It was not easy, and it certainly was not pretty, but that has never been the Bruin way. The Bruins represent a city and a fan base that takes pride in toughing it out and embraces being the underdog. These are the same people who dutifully stood by the Red Sox for eighty-six long years between championships. Ever since standing their ground at Lexington, Concord, and Bunker Hill, the people of Massachusetts have been defined by their resilience and two-hundred something blizzard filled winters have not kept them from leaving. Just as Bostonians kept coming back to the Sox and Patriots after years of disappointment, they stood by the Bruins in the good times of Bobby Orr, Phil Esposito, and Johnny Bucyk, the bad times of Joe Thornton, P.J. Stock, and Andrew Raycroft, and the present times, sometimes brilliant, sometimes pathetic, of Patrice Bergeron, Zdeno Chara, and Tuuka Rask. There were times this season where I was frustrated and mad at the team, but sticking with them makes it all the more rewarding when they do play well. This is something fair weather fans will never realize.
It was not until Game 6, the series clinching game, that the Bruins were the first team to score. Buffalo scored first in each of the first five games, but the Bruins kept rallying back. Prior to game six, Boston had the lead for nineteen minutes of the entire series, scoring winning goals in the third period in Games 2 and 3 and winning in sudden death overtime in Game 4. Defense and the phenomenal play of rookie goalie Tuuka Rask kept them in the series.
The defining moment for the series, I believe, was Johnny Boychuk's hit on Matt Ellis in Game 3. Boychuk leveled Ellis on a clean open ice hit that brought the crowd at the TD Garden to their feet. It is not often in hockey that something other than a goal or a fight gets a crowd that excited, but that was one of them. That hit defined the way the Bruins would play throughout the series.

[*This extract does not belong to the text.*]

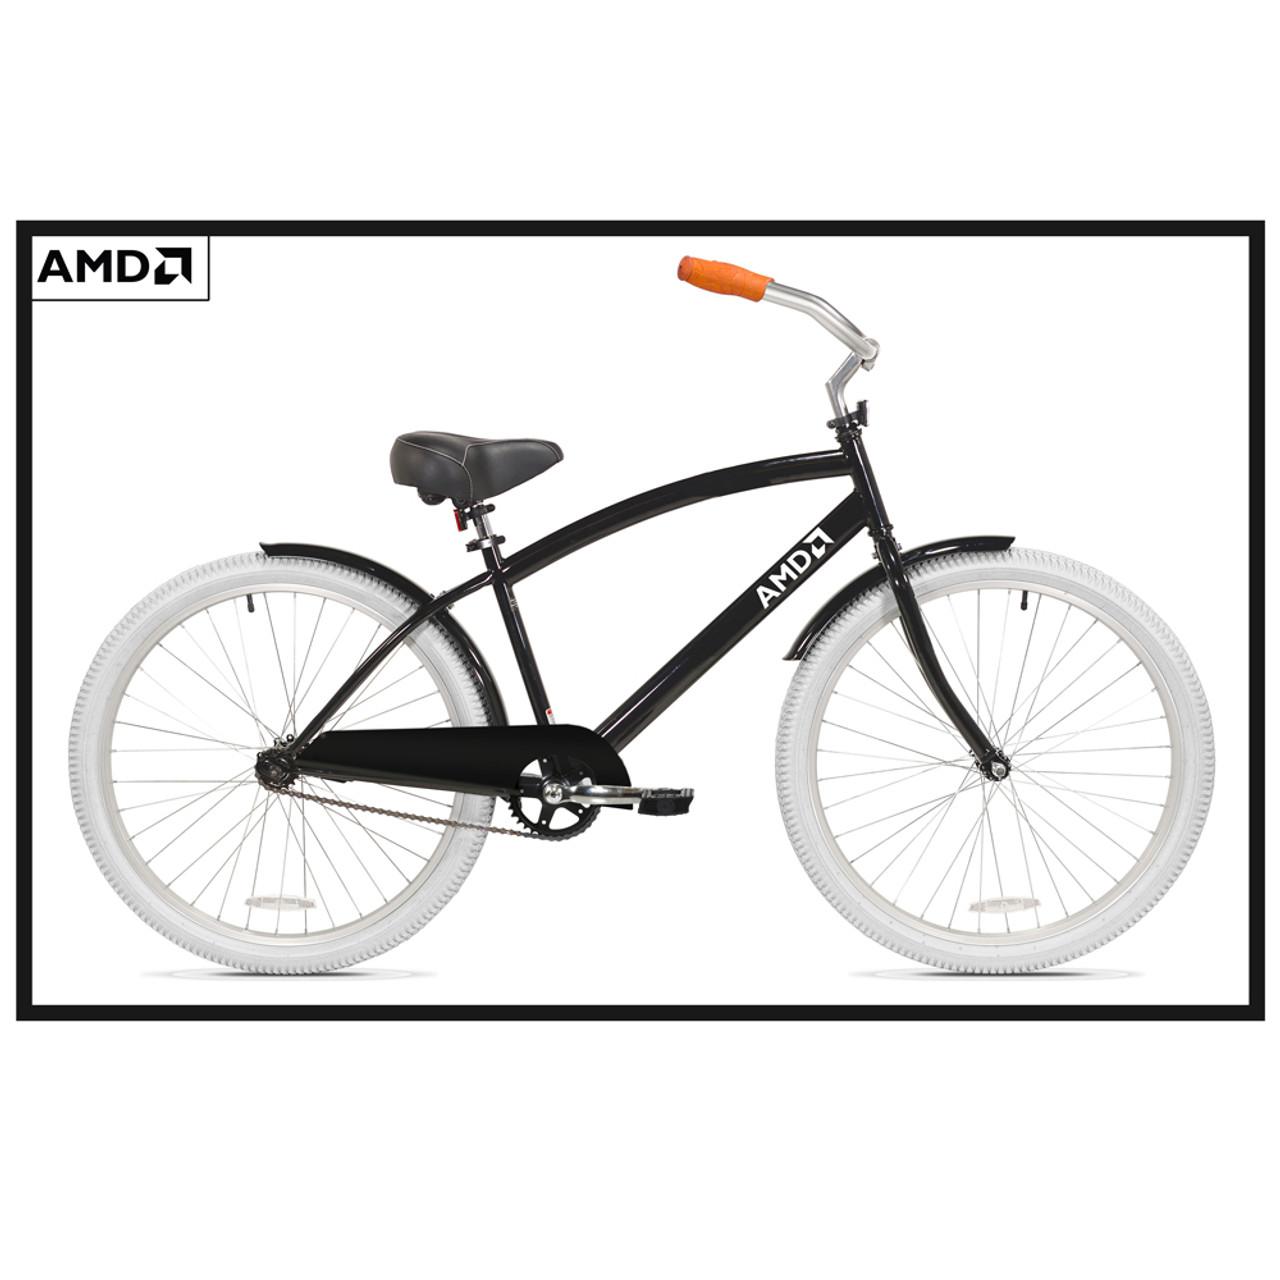 Amd Custom Cruiser Bike Sold Out
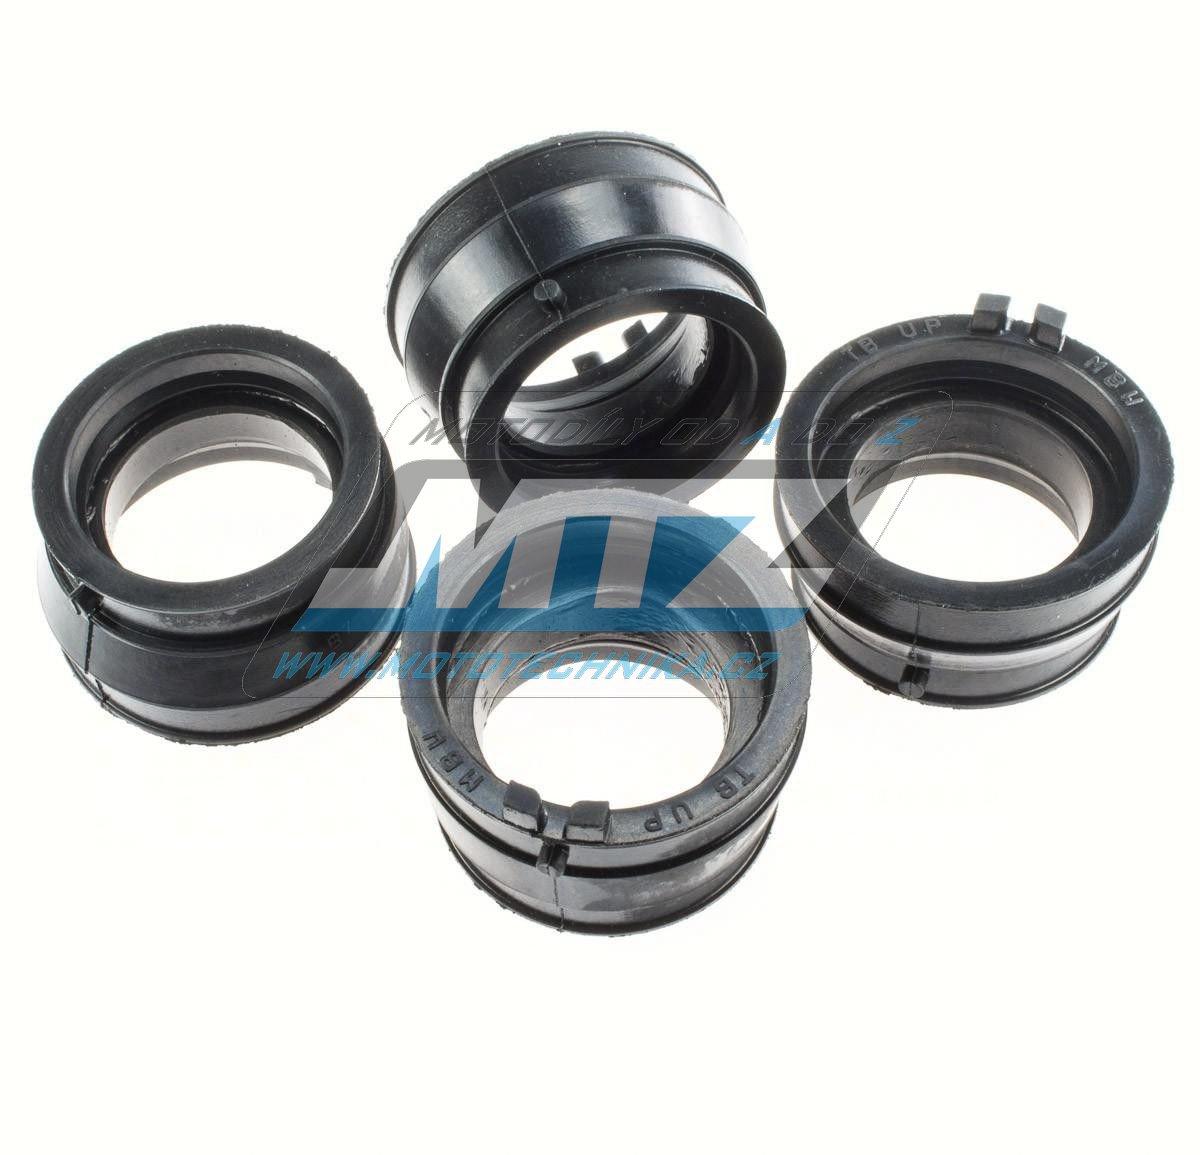 Příruby sání / difuzory Tourmax CHH-8 - Honda CBR600F / 01-05 + CBR600FS

The Bruins kicked it into high gear for this series and everyone on the roster made contributions in the series against Buffalo. Dennis Wideman and Matt Hunwick, two defensemen who had been playing poorly most of the year, had significantly stepped up their game once the regular season ended. Wideman, the Boston media's whipping boy throughout the season, played very well when the Bruins were behind in games and helped them get back in. A moth ago, I would have been shocked if someone told me that Claude Julien would put Wideman and Hunwick on the ice at the same time in the playoffs, but I would have been even more shocked if someone told me they were playing really well together in the playoffs.
Another player who deserves recognition is Mark Recchi. In this series, Recchi became the third oldest player in history to score in the playoffs at the age of 42. Recchi also made a great hit followed by a pass to a wide open Patrice Bergeron to set up a key goal. He has been playing as well as anybody in the NHL in his advanced years.
Things only seem to be looking up for the Bruins in the future. In the upcoming draft, Boston will be able to select either Taylor Hall or Tyler Seguin with the second overall pick. Both players have superstar potential, but I am willing to bet they both would rather play for a playoff team right out of the gate like Boston instead of the Edmonton Oilers, who had the league's worst record this season.
In the next round, the B's will play either the Pittsburgh Penguins in a rematch of the infamous game where Matt Cooke took out Marc Savard, or the Philadelphia Flyers in a rematch of this year's Winter Classic. Savard might be ready to play by then, and I hope to see that he gets his personal retribution against Cooke if they play the Penguins. The next series will be tough, but the Bruins are a team that expects it to be tough and they will hopefully play the same brand of hockey they used to defeat the Sabres.